* _The problem_
The listing, minus its pictures, is to be given again exactly.

* _Stored data_
'''

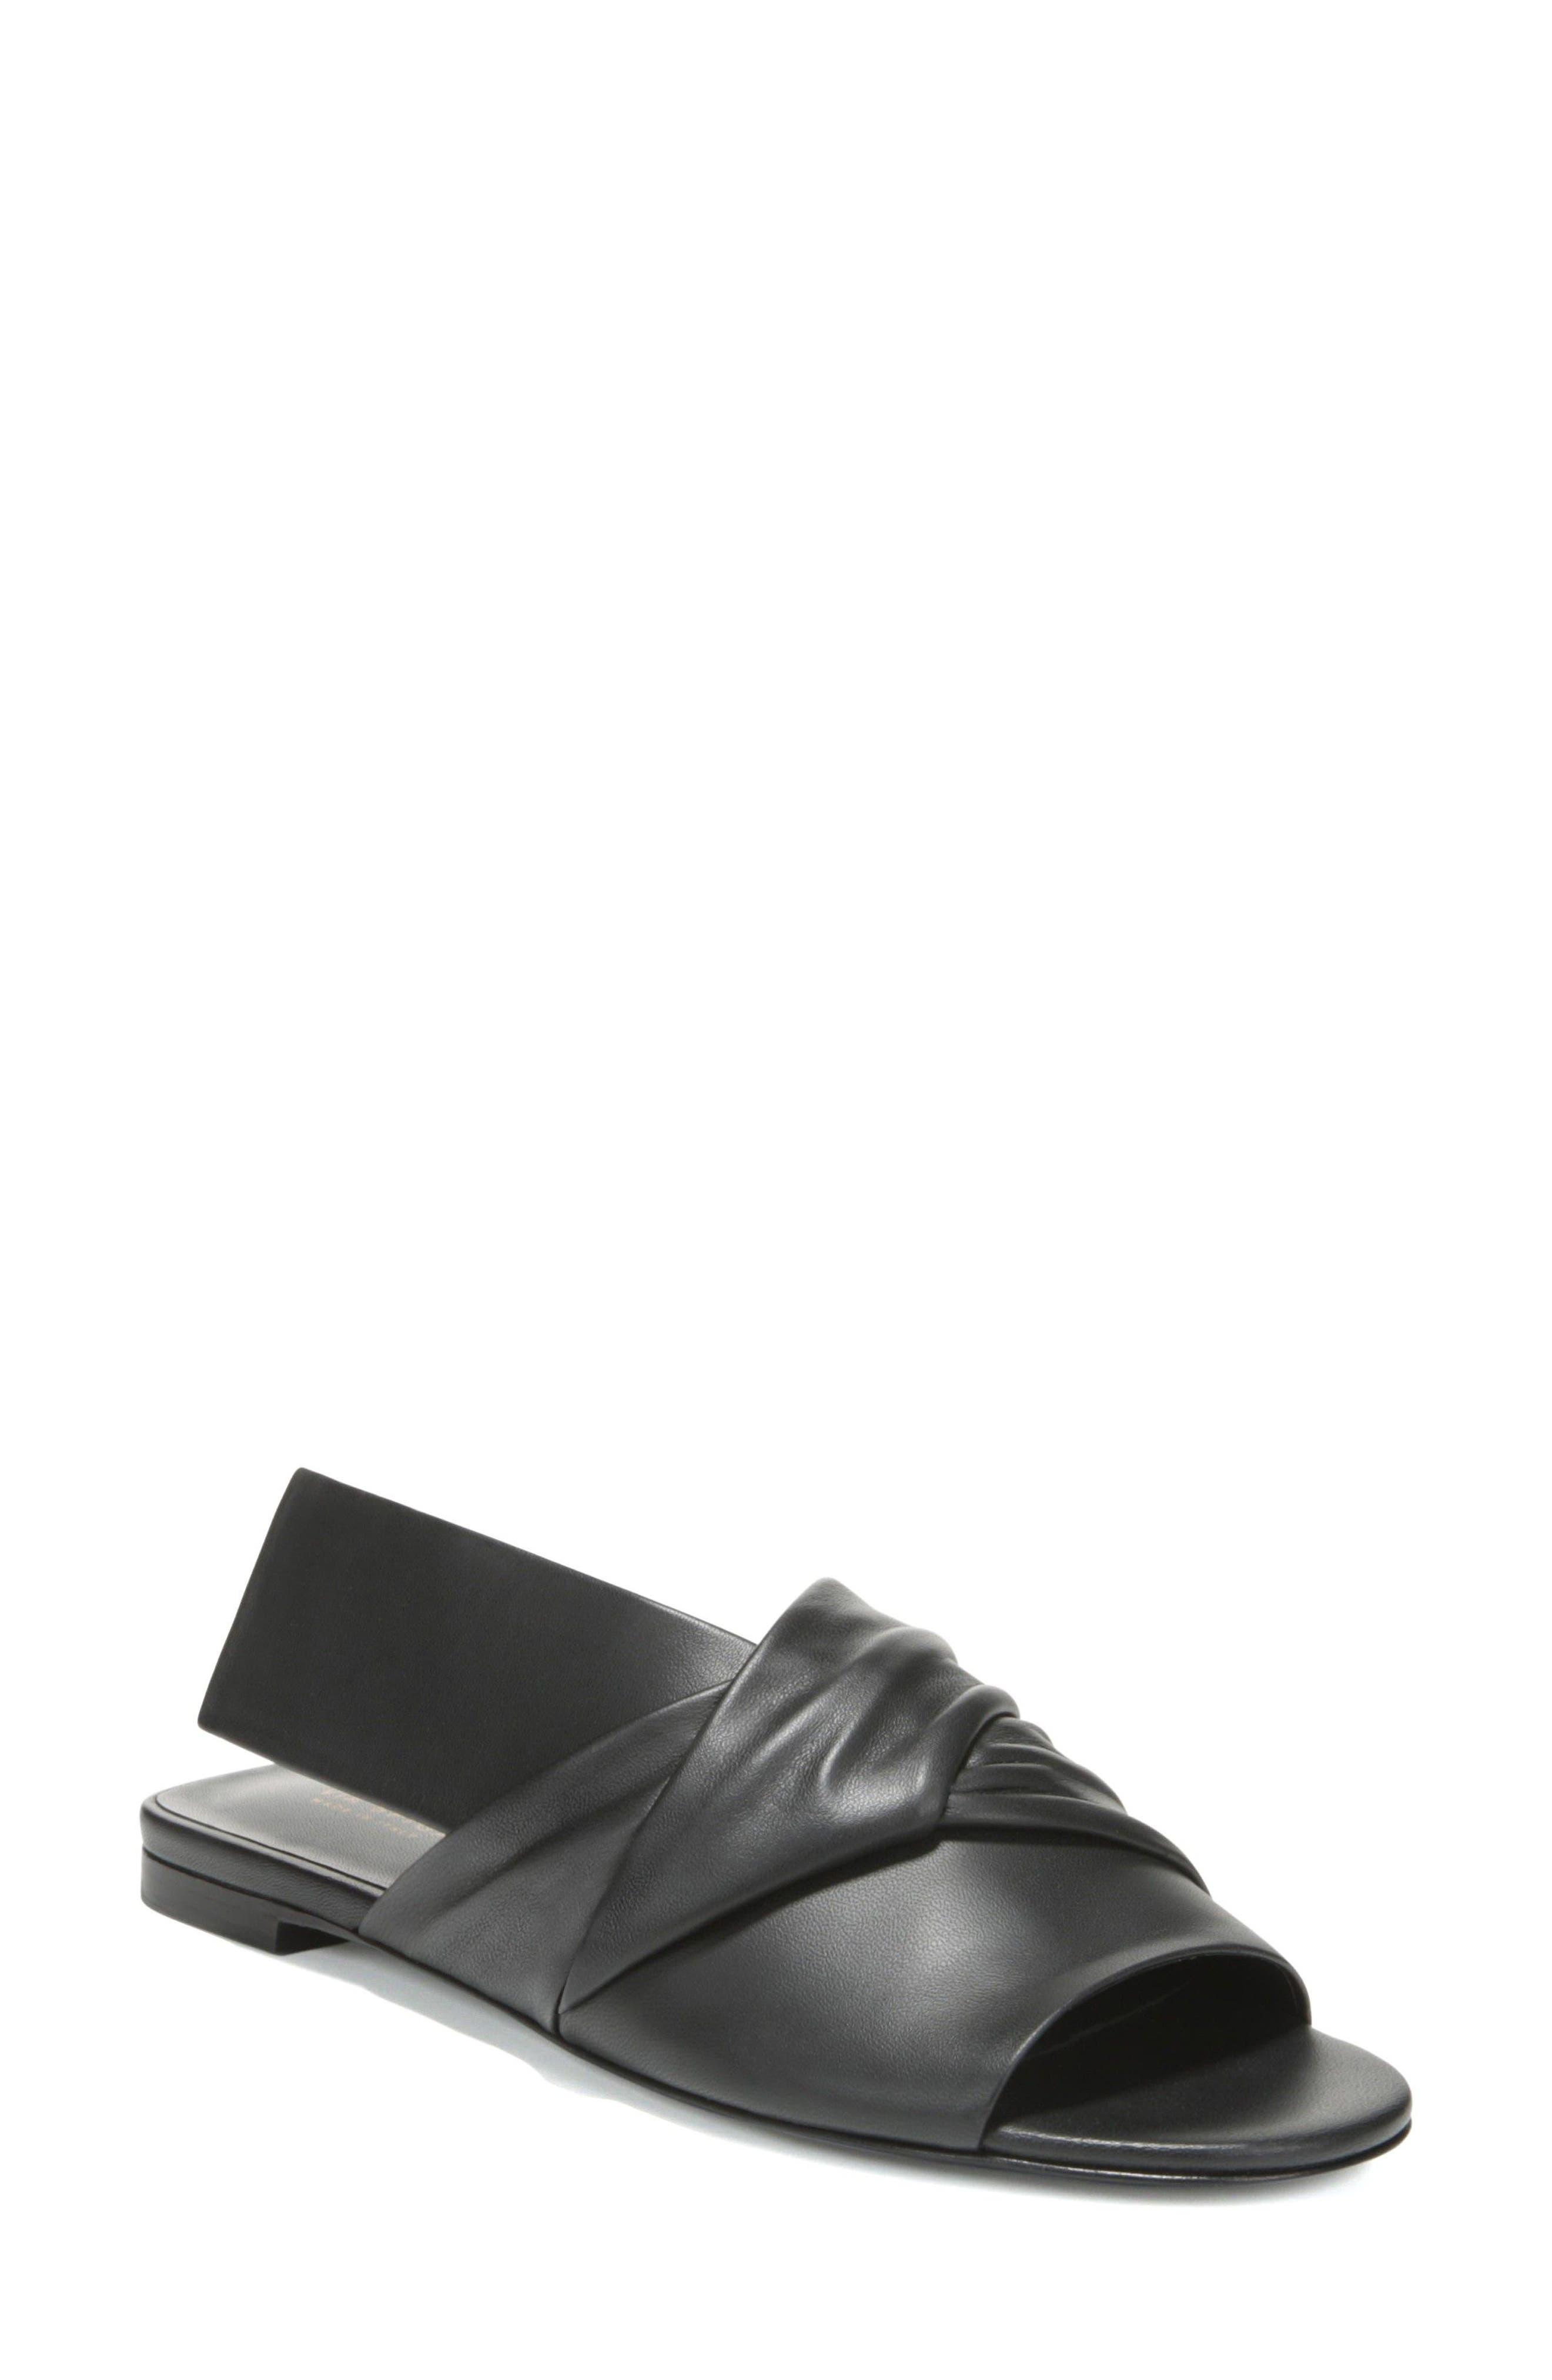 Halina Slide Sandal,                         Main,                         color, BLACK LEATHER
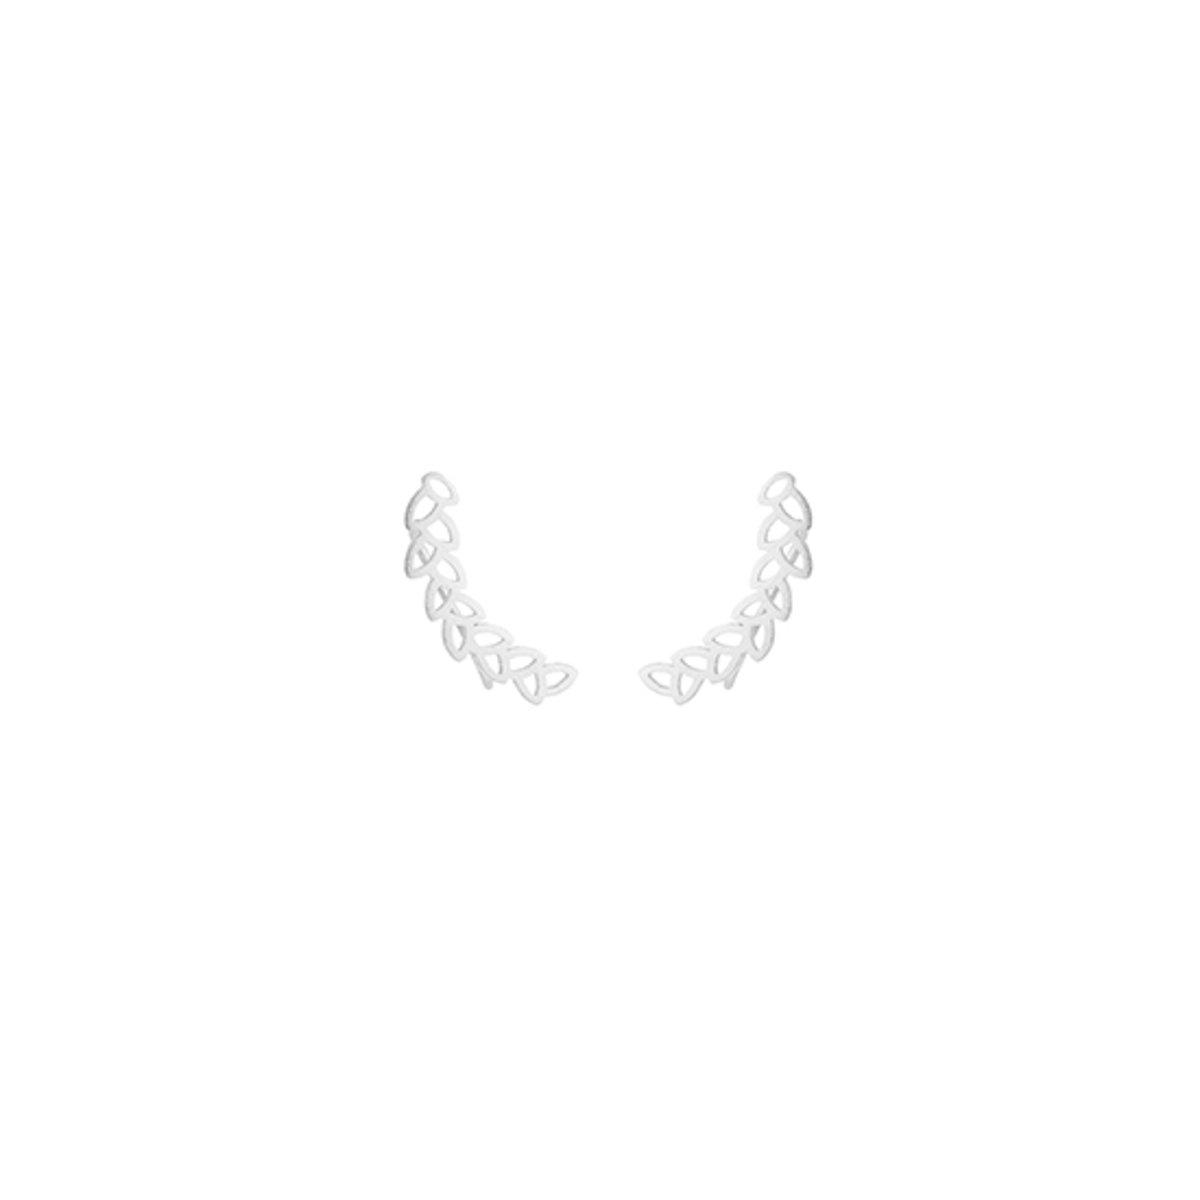 24/7 Jewelry Collection Blad Manchet Oorbellen - Oorklimmer - Zilverkleurig kopen
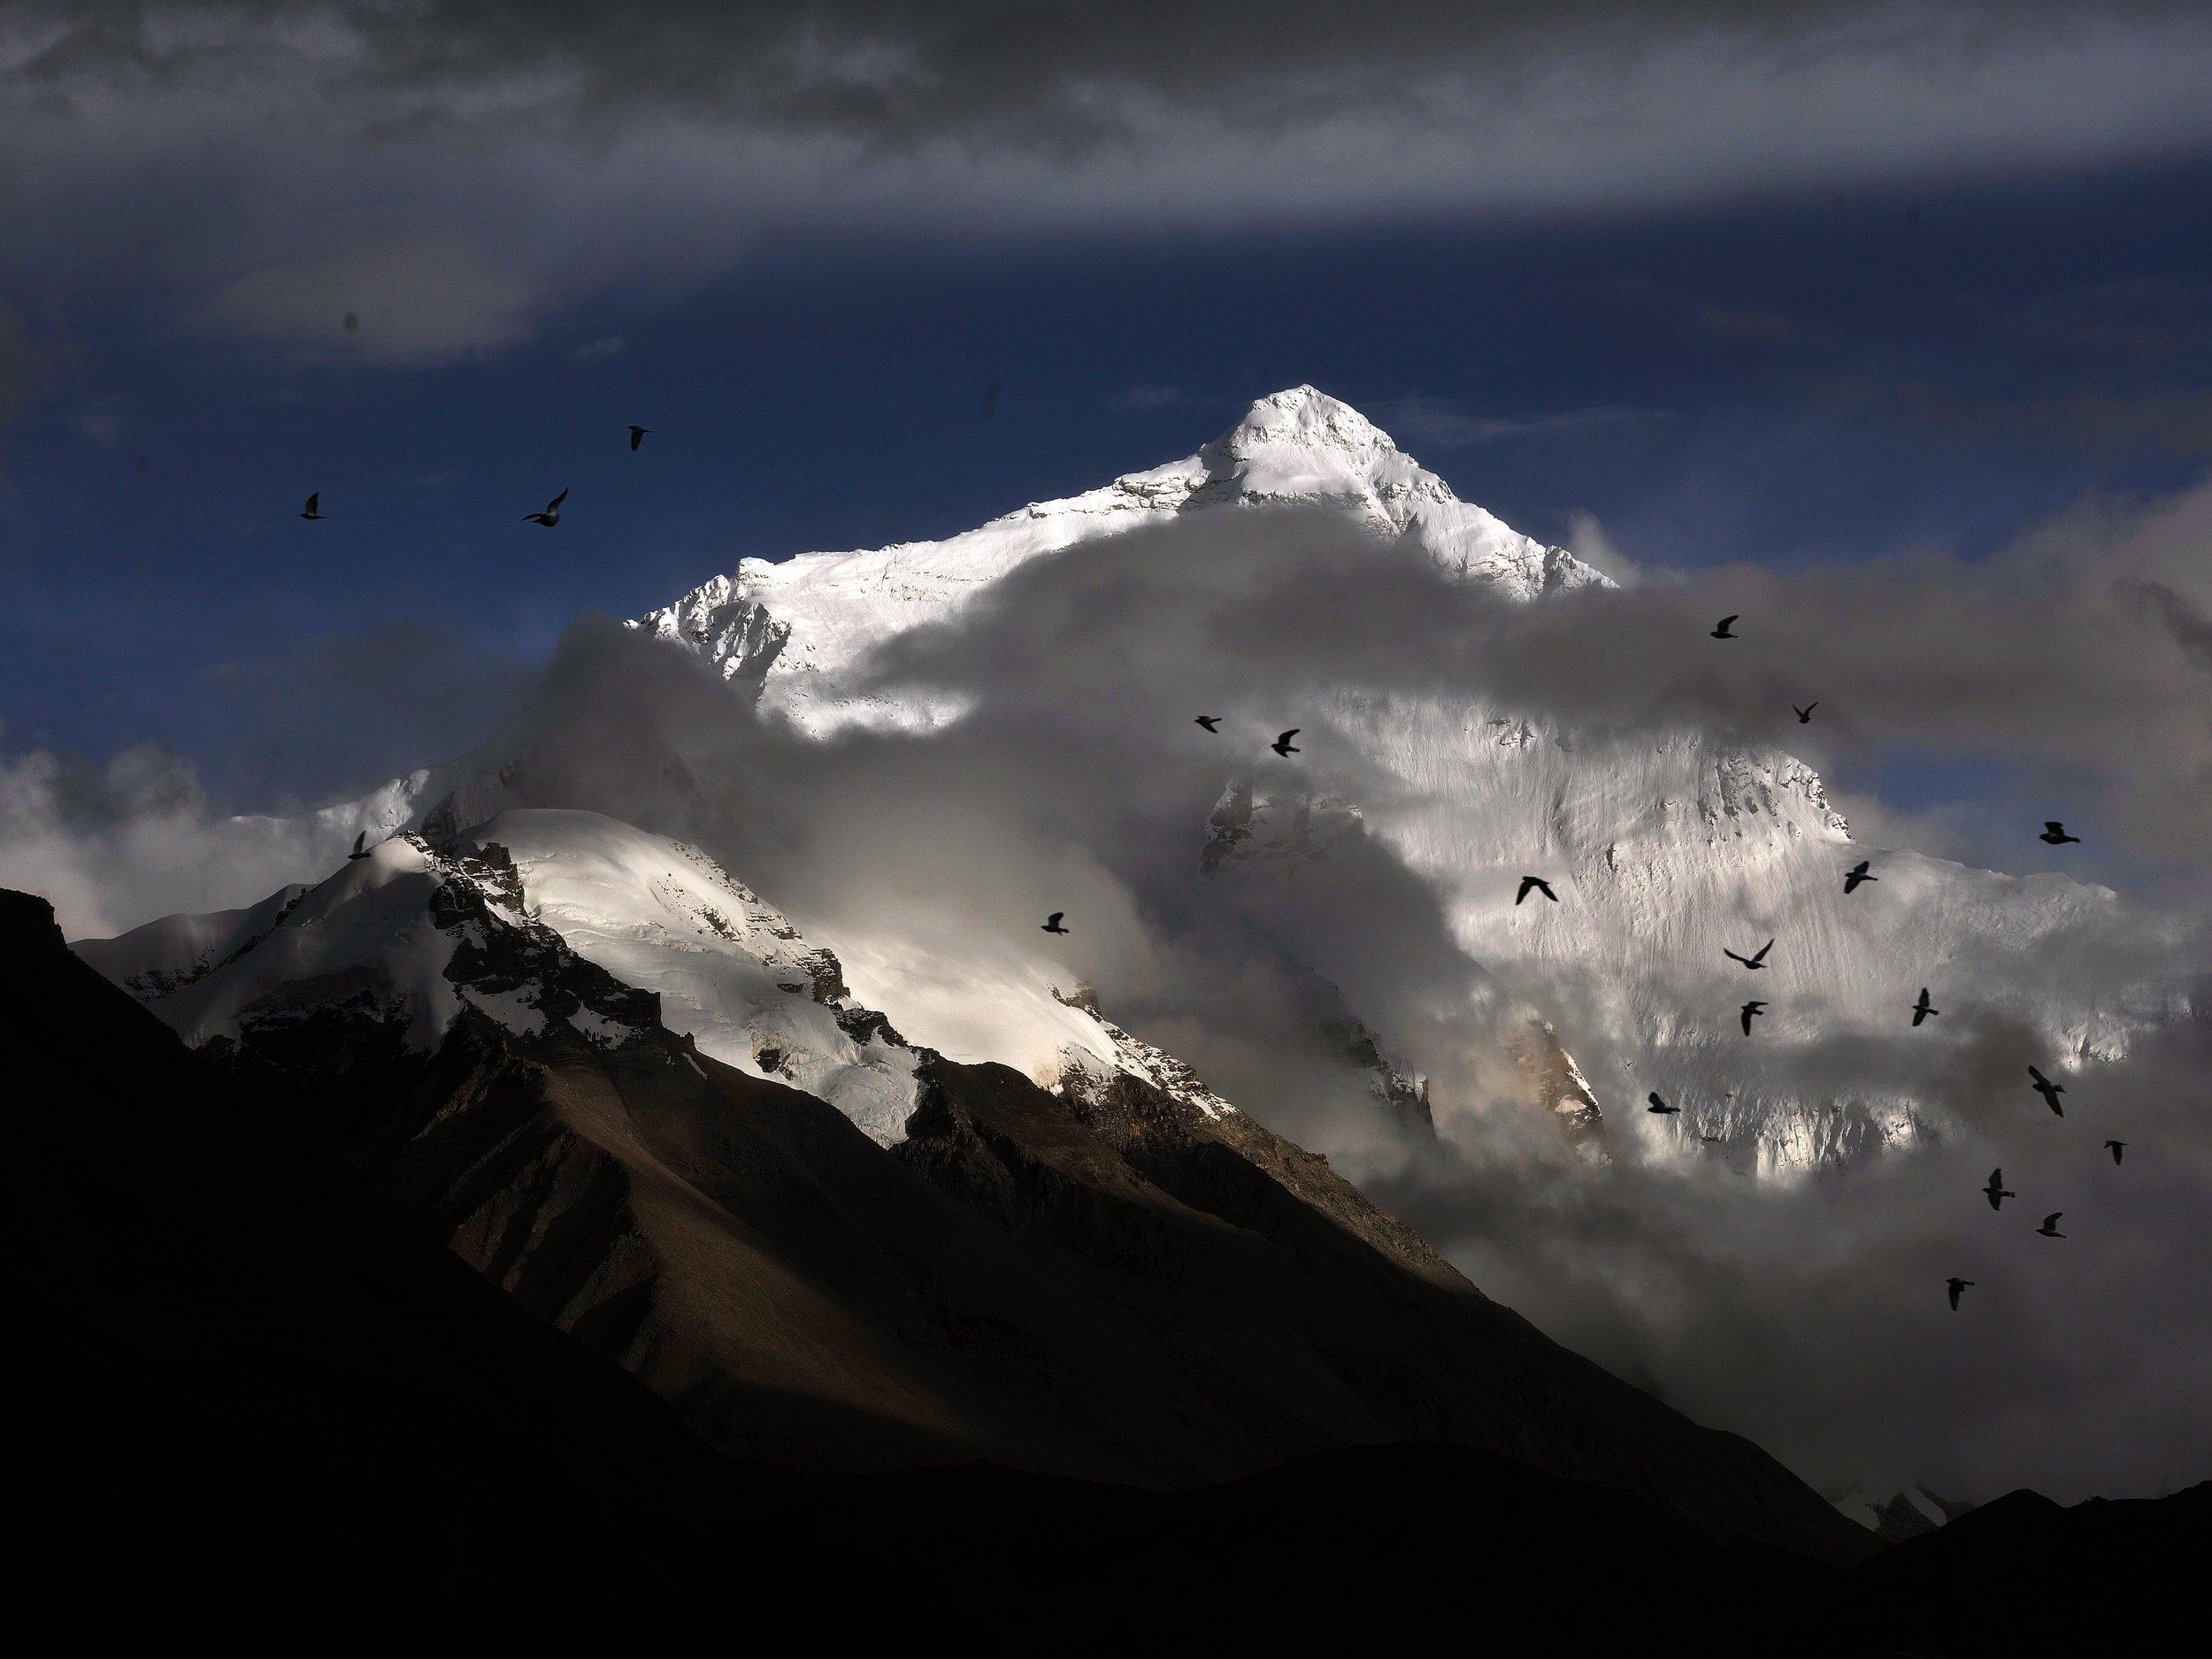 爱,是一场修行,成全他人也成全自己。    在今年四月的时候我们前往西藏。四月的西藏,依旧寒冷,伴着微弱的高原反应,带着些许眩晕上到扎嘎寺。一路曲折,但下车后看到像天堂一般的景色,又觉得一切都值得。西藏,确实是一片净土。

'''

* _Response_
 Halina Slide Sandal,                         Main,                         color, BLACK LEATHER
 24/7 Jewelry Collection Blad Manchet Oorbellen - Oorklimmer - Zilverkleurig kopen
 爱,是一场修行,成全他人也成全自己。    在今年四月的时候我们前往西藏。四月的西藏,依旧寒冷,伴着微弱的高原反应,带着些许眩晕上到扎嘎寺。一路曲折,但下车后看到像天堂一般的景色,又觉得一切都值得。西藏,确实是一片净土。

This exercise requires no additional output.